INSTRUCTIONS FOR THE TASK >> Repeat exactly the lines below that lie between the line with "Netherlands 1924 Definitives" and the line with "Broken confetti heart by nvelichko", counting both of those lines as part of the answer.

Top of LISTED ENTRIES

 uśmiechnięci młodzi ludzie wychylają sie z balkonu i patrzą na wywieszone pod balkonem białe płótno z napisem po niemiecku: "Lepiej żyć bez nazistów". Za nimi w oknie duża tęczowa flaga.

Bottom of LISTED ENTRIES
Top of LISTED ENTRIES

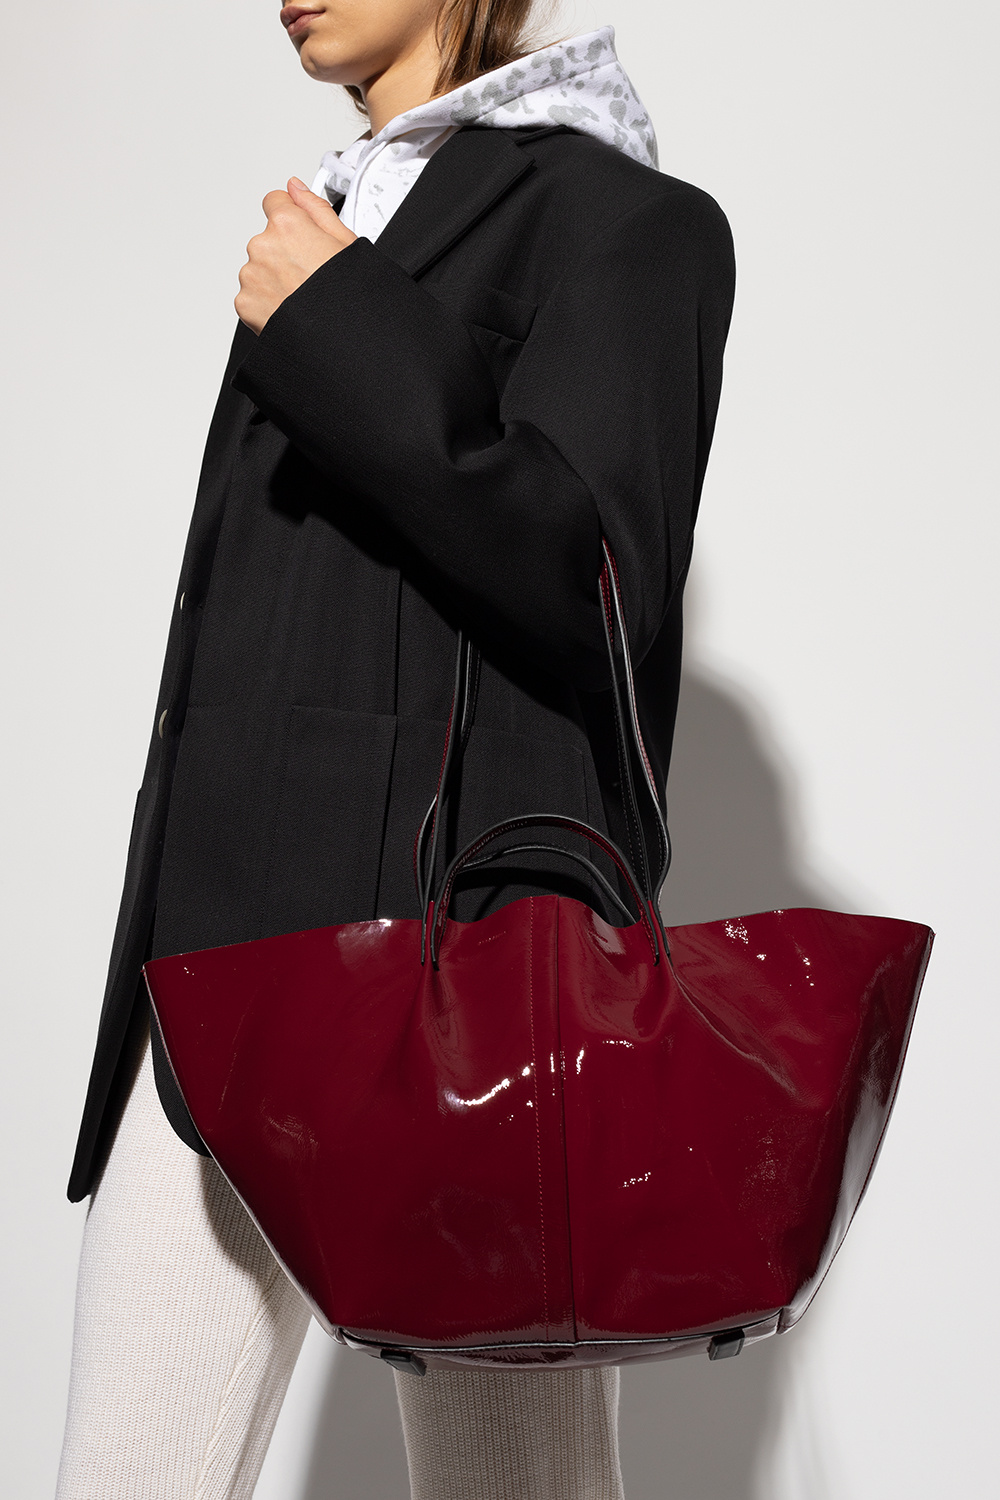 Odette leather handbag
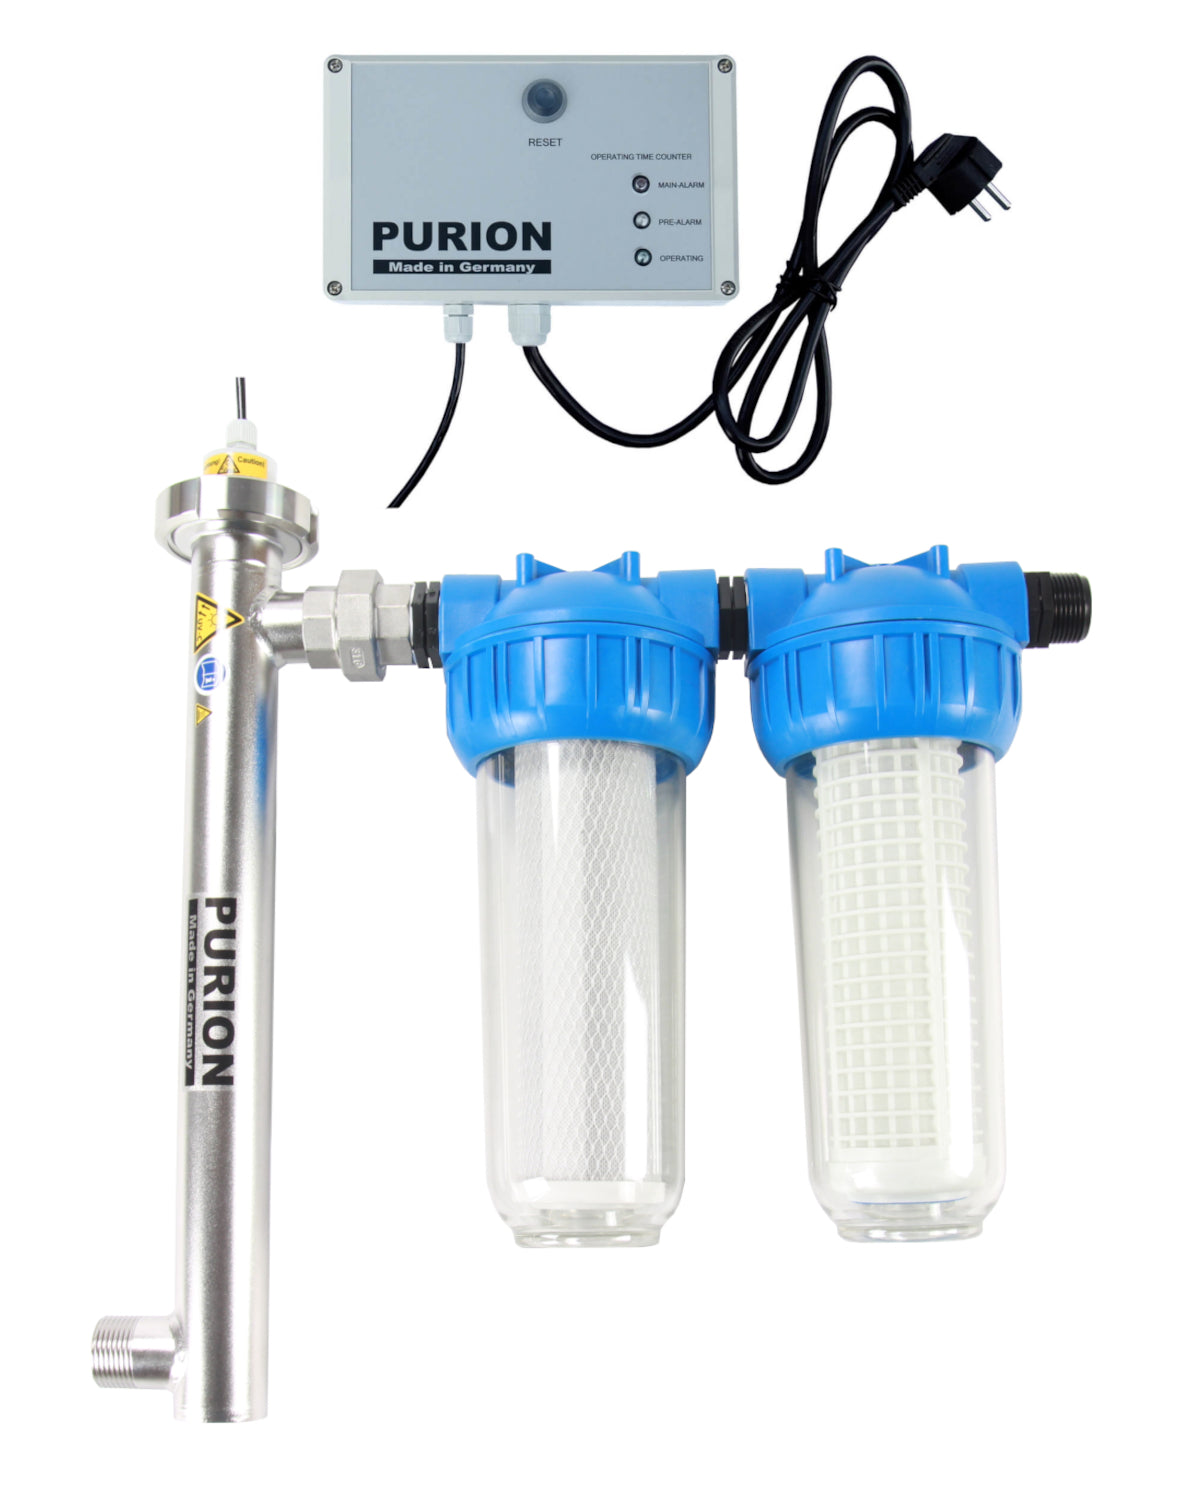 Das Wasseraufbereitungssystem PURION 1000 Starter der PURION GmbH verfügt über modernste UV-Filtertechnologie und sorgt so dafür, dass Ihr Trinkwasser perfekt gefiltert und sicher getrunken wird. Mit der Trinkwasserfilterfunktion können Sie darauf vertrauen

Bottom of LISTED ENTRIES
Top of LISTED ENTRIES

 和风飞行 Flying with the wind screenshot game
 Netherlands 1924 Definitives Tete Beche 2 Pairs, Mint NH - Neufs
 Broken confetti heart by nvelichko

Bottom of LISTED ENTRIES

OUTPUT BELOW >>
 Netherlands 1924 Definitives Tete Beche 2 Pairs, Mint NH - Neufs
 Broken confetti heart by nvelichko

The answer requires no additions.